The challenge of ensuring access to high quality instruction for ELLs in Arizona becomes even greater when the preparation of teachers for this task is considered. To be effective, teachers of ELLs need to know what to teach, how to teach it, and how it will be assessed and monitored. However, since the establishment of restrictive language policies and the mandating of SEI, the quality of teacher preparation with regard to ELL instruction has been reduced significantly. According to De Jong, Arias, and Sanchez (2010), in the wake of Proposition 203, the state required a new SEI endorsement for all Arizona teachers. This endorsement qualified all teachers to be teachers of English language learners. However, whereas formerly English as a Second Language (ELS) and Bilingual Education (BLE) teachers had been required to take from 24-27 units, the new endorsement only required 6, effectively dropping the number of preparation hours for teachers of ELLs from between 305 and 405 hours to 90. This has ensured that most teachers of ELLs in the state are only receiving approximately 10% of the preparation time previously considered necessary to serve these students effectively. De Jong, Arias, & Sanchez (2010) note that a recent survey of 5300 educators of ELL students in California found that overwhelmingly bilingual certified teachers expressed the strongest belief that they knew how to teach ELLs effectively, and those teachers with less extensive training and preparation were also less confident of their ability to meet the ELL students needs. Unfortunately, data from 2006 to 2009 show a decrease of 16% in the number of credentialed and certified bilingual instructors in Arizona (Arias, 2009).
De Jong, Arias, and Sanchez (2010) also explain that most teacher preparation currently in place in Arizona focuses on increasing teacher knowledge of state policies related to SEI, not on providing them with knowledge of second language acquisition. Consequently, many novice as well as experienced teachers demonstrate little knowledge of effective practices in second language education such as the integration of students primary language in the classroom and an understanding of how language proficiency interacts with learning.
Denying ELLs access to core academic content within a rich, cognitively demanding educational setting discriminates against these students by blocking them from receiving the same educational experiences as students who are fully proficient in English (Gándara & Orfield, 2010; Losen, 2010), thus violating their civil rights (Valdes, 2009). Moreover, current instructional and teacher training policies restrict in-service and pre-service teachers, as well as schools and districts, from being able to implement best practices to enhance the linguistic and academic achievement of their ELL students (de Jong, Arias & Sanchez, 2010).
A LEGACY OF ACHIEVEMENT GAPS FOR ELLS
COMPARISON OF ARIZONA ELLS TO NON-ELLS
The following is an analysis of the academic achievement of Arizonas third to fifth grade ELL population as compared to that of non-ELL students.

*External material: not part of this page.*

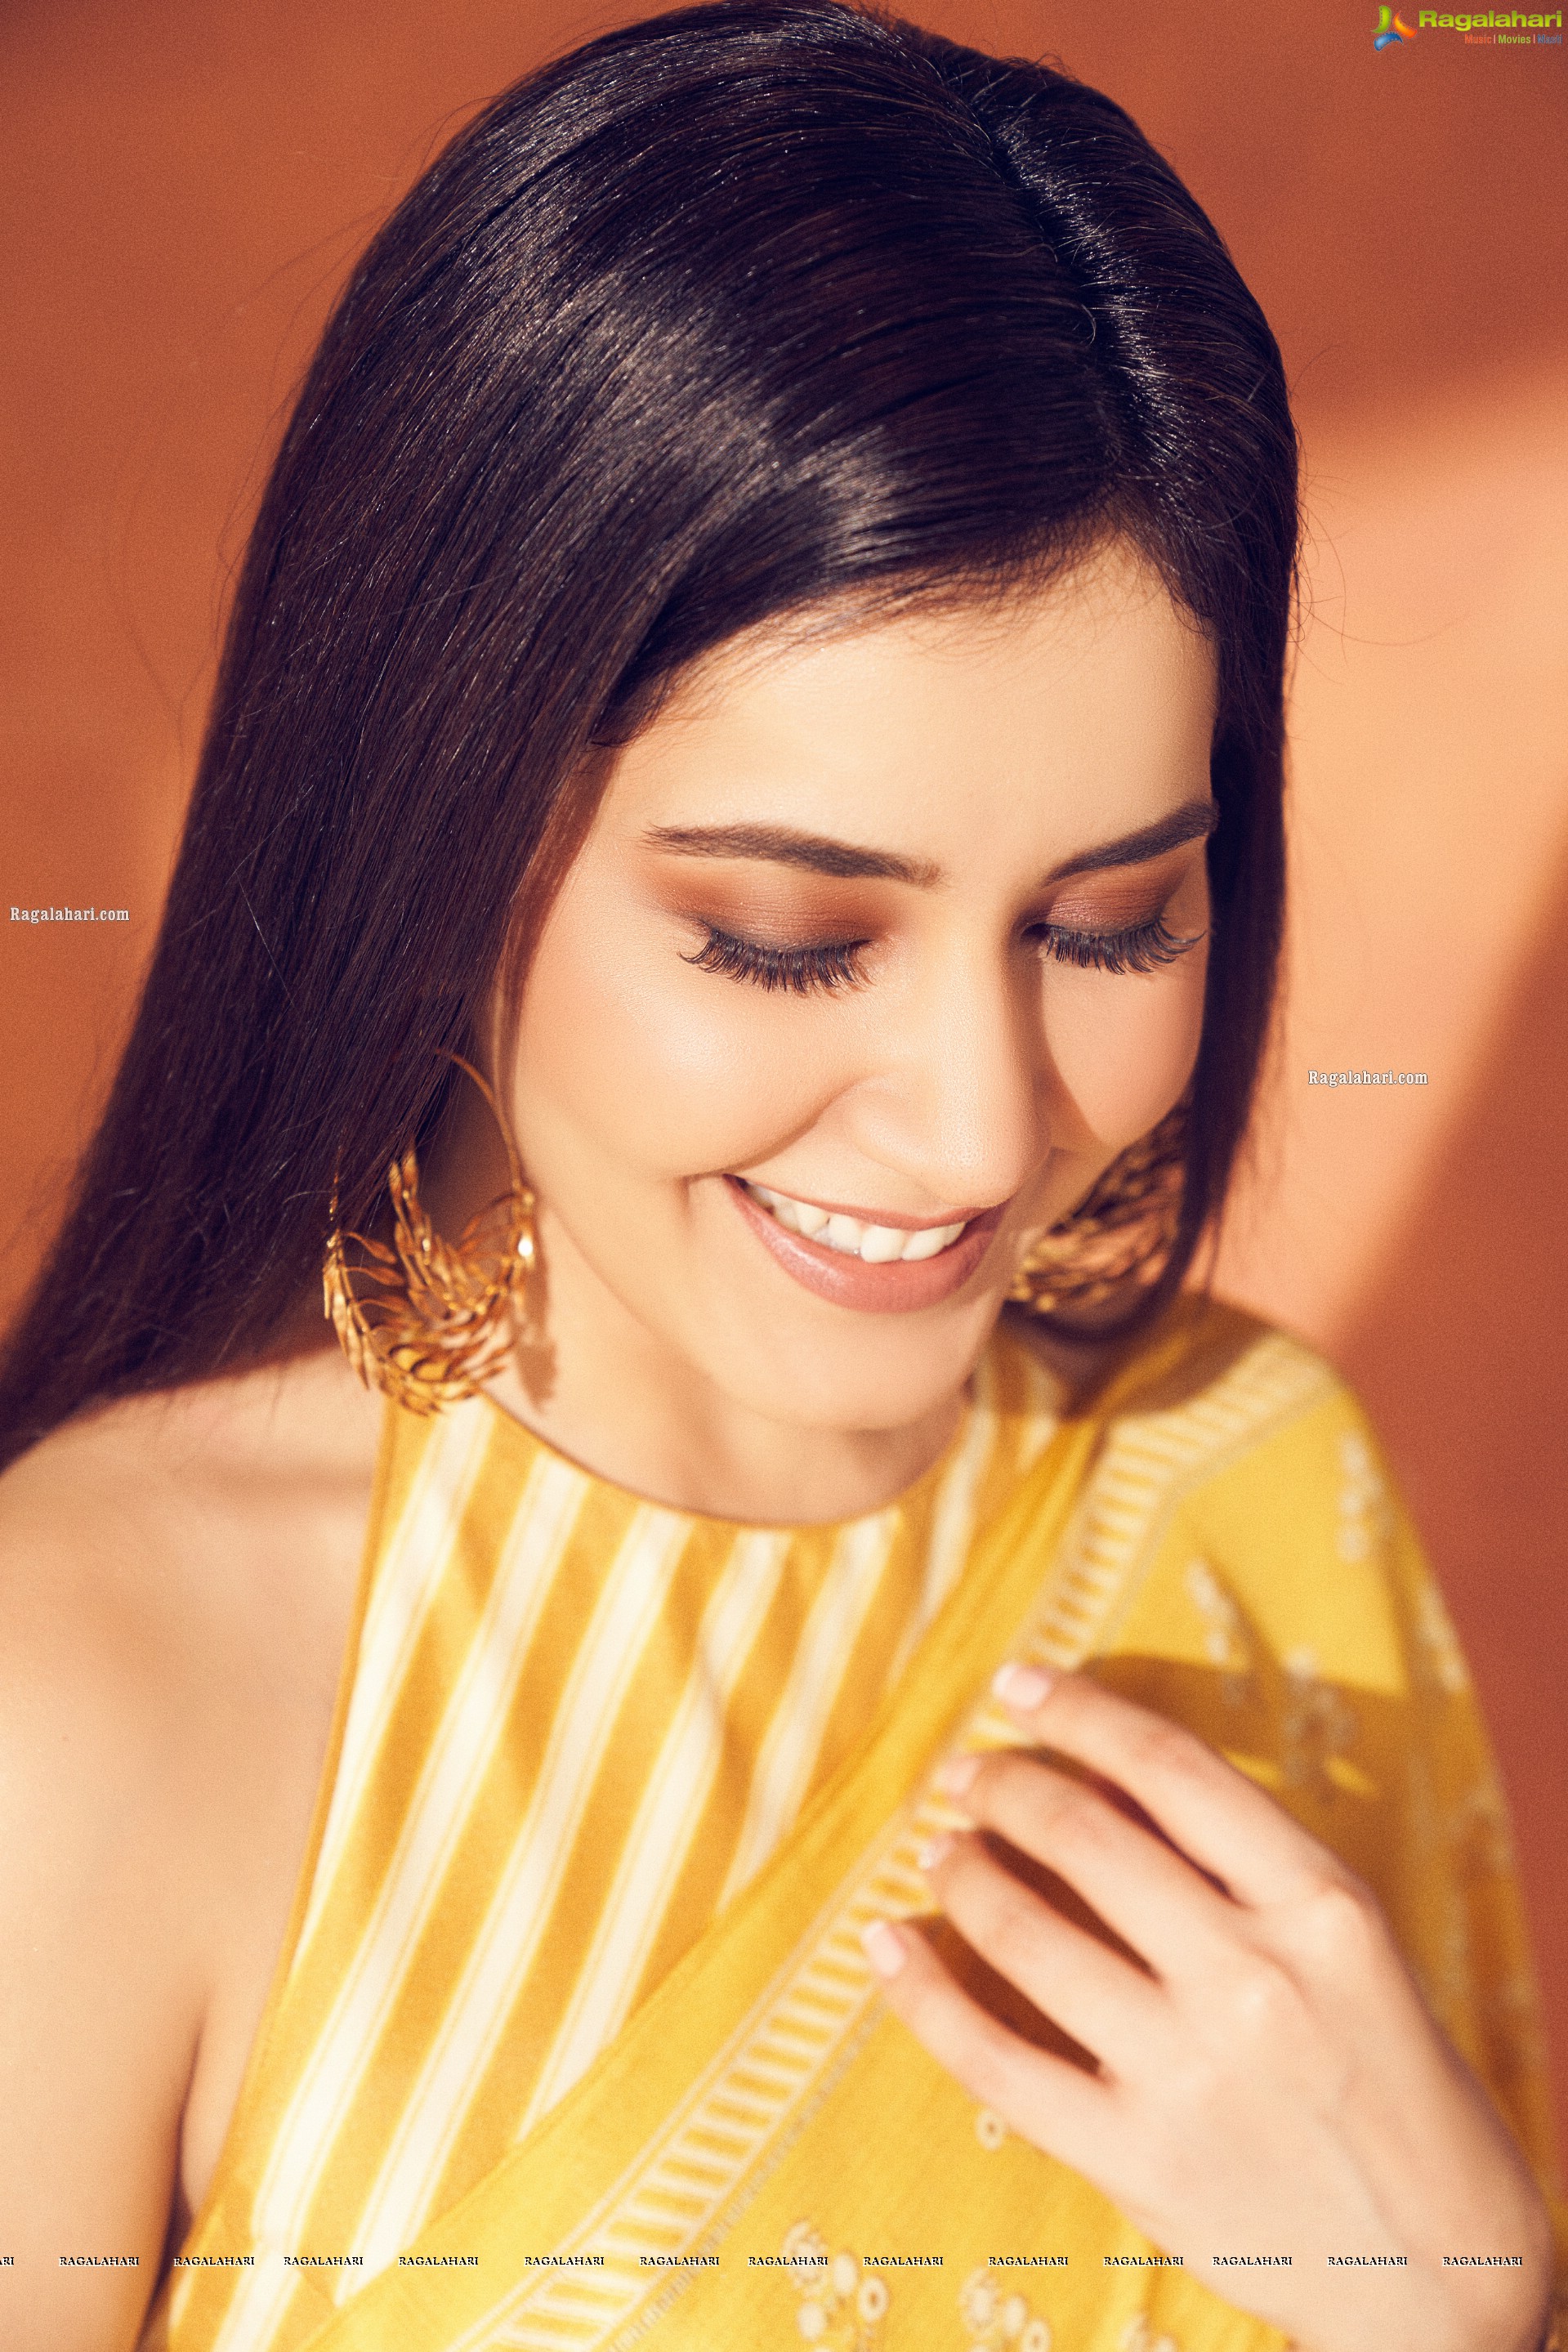 Raashi Khanna Wears a Sheer Yellow Saree - HD Gallery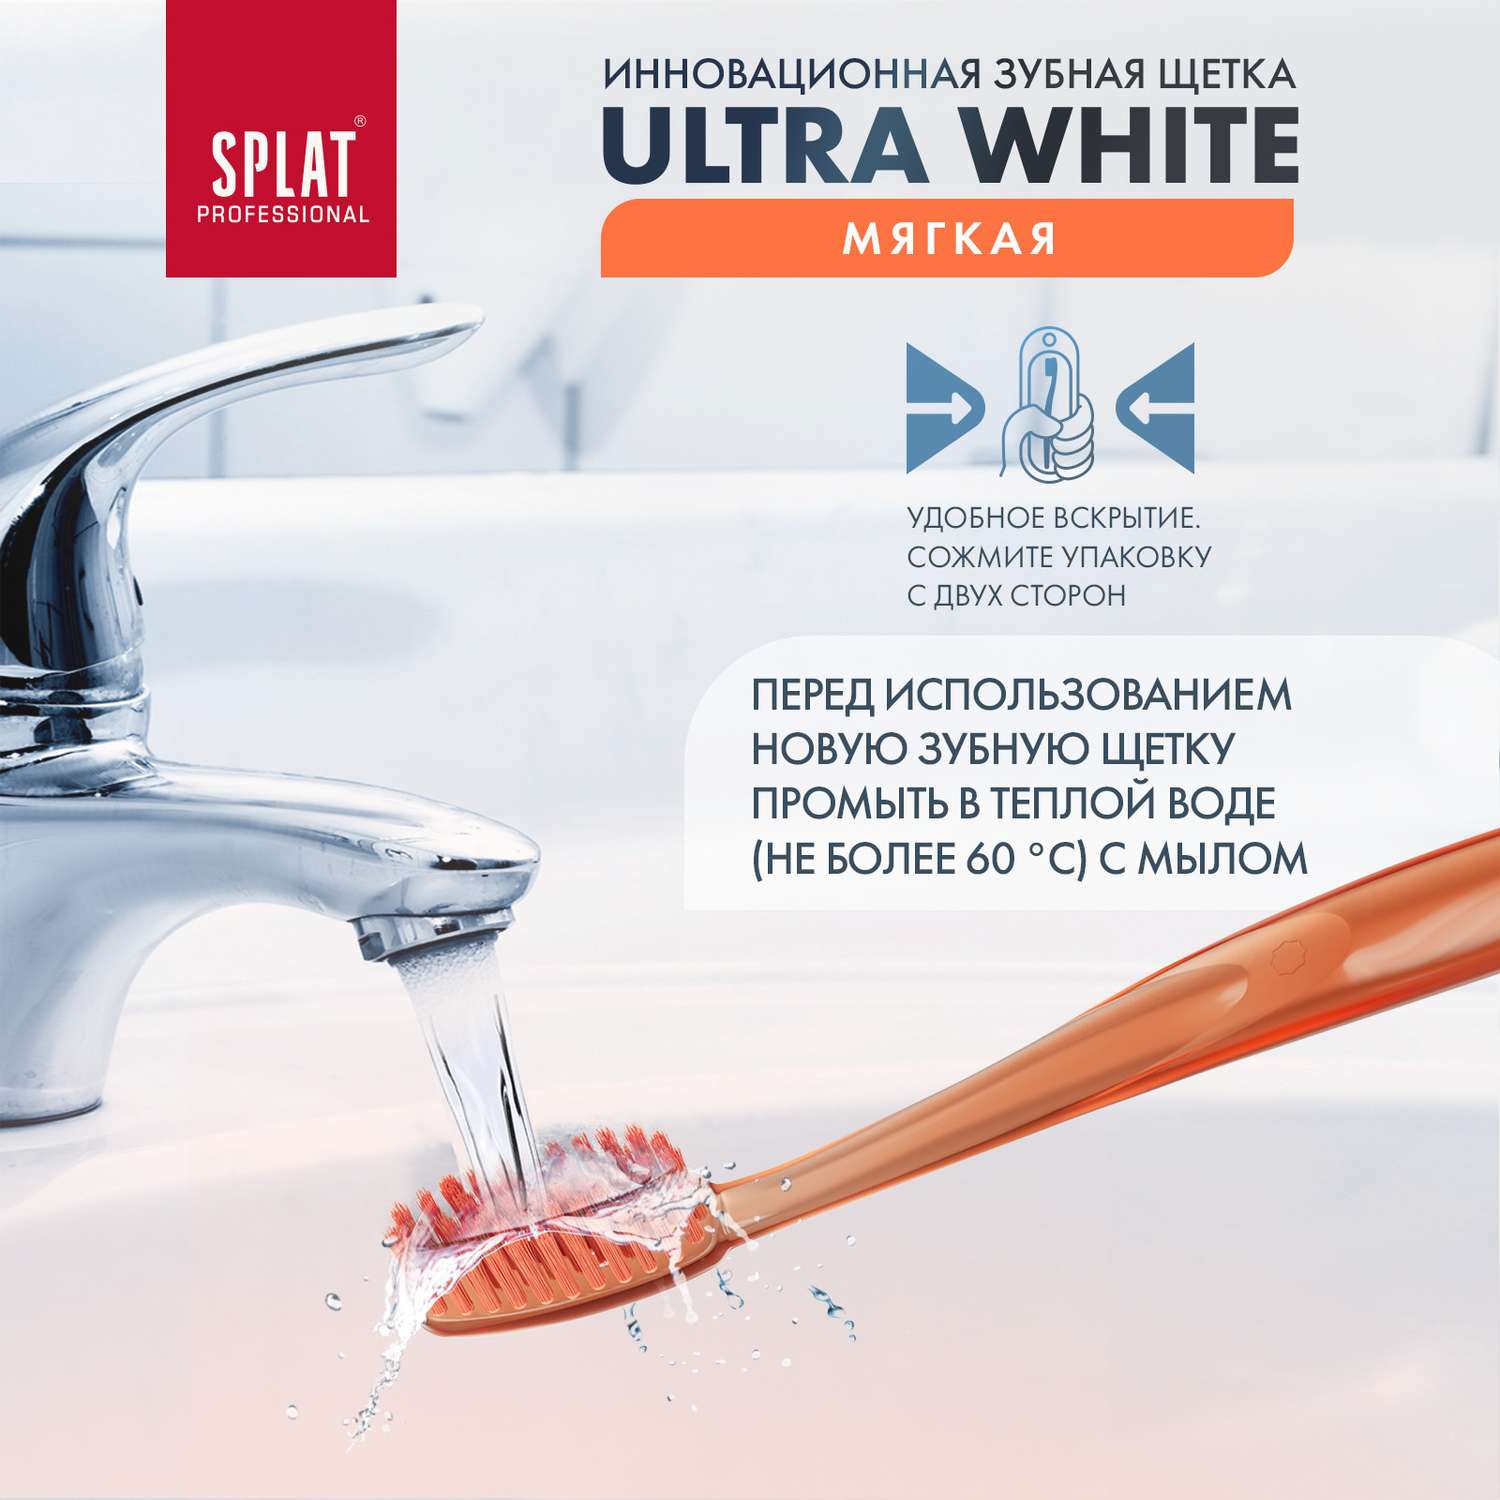 Зубная щетка Splat мягкая Ultra White Ультра Уайт 2 шт - фото 4

Achievement was measured using the Reading and Math subtests of the Arizona Instrument to Measure Standards (AIMS). Data from the 2005, 2006, 2007, 2008, and 2009 AIMS administrations were examined. Sample sizes for each of the comparative groups are reported in Table 1. These numbers reflect the population of Arizona ELL and non-ELL students who received valid scores on the AIMS as reported in the AIMS Technical Manual reported annually by the State and available online at: http://www.ade.az.gov/standards/.
Table 1. Sample sizes used in the analysis of achievement gaps
To interpret gaps in performance, differences in AIMS mean scaled scores were analyzed. Two types of comparisons were made: 1) within-grade, across-year comparisons (e.g., 3rd grade cohort in 2007 to 3rd grade cohort in 2008) to gain information about the stability of the achievement gap across time, and 2) across-grade, within-year comparisons (e.g., 3rd grade cohort in 2007 to 4th grade cohort in 2007) to determine whether the achievement gap varies depending on grade level. The graphs included in Figures 1 and 2 plot mean scale scores on Arizonas Instrument to Measure Standards (AIMS) for ELL and non-ELL students and demonstrate a large achievement gap between the two populations. As shown, this gap is present in both mathematics and reading, and is found in each targeted grade. It is important to note that this analysis is descriptive in nature. Therefore, while the following identifies trends in academic achievement of ELL students relative to Arizonas non-ELLs, the results cannot be used as evidence that Arizonas educational policies have influenced or caused the existing achievement gap. While this is a significant limitation of the current study, the results are presented not to assign blame but rather the results nonetheless provide an essential historical context for the discussion on English language instruction and demonstrate that, in Arizona, underachievement of ELLs has long endured.
Figures 1 through 3 depict average scale score gap trends for ELL and non-ELL test takers at grades 3, 4, and 5 in AIMS reading. As shown, third grade ELL students scored, on average, between 49 to 53 points lower than non-ELL students. Fourth grade ELL students scored 53 to 59 points lower. Fifth graders, 50 to 57 points lower. Distinct patterns describing the magnitude of the achievement gap were observed over time. For example, the difference in performance between ELL and non-ELL third graders in 2005 was 49 points. This difference increased to 53 in 2006 and then remained stable, fluctuating less than two mean scale points in each subsequent year. This trend (i.e., an initial increase in the achievement gap followed by stability in the difference) repeated in the fifth grade cohorts, although fifth graders did demonstrate a higher initial increase than third graders.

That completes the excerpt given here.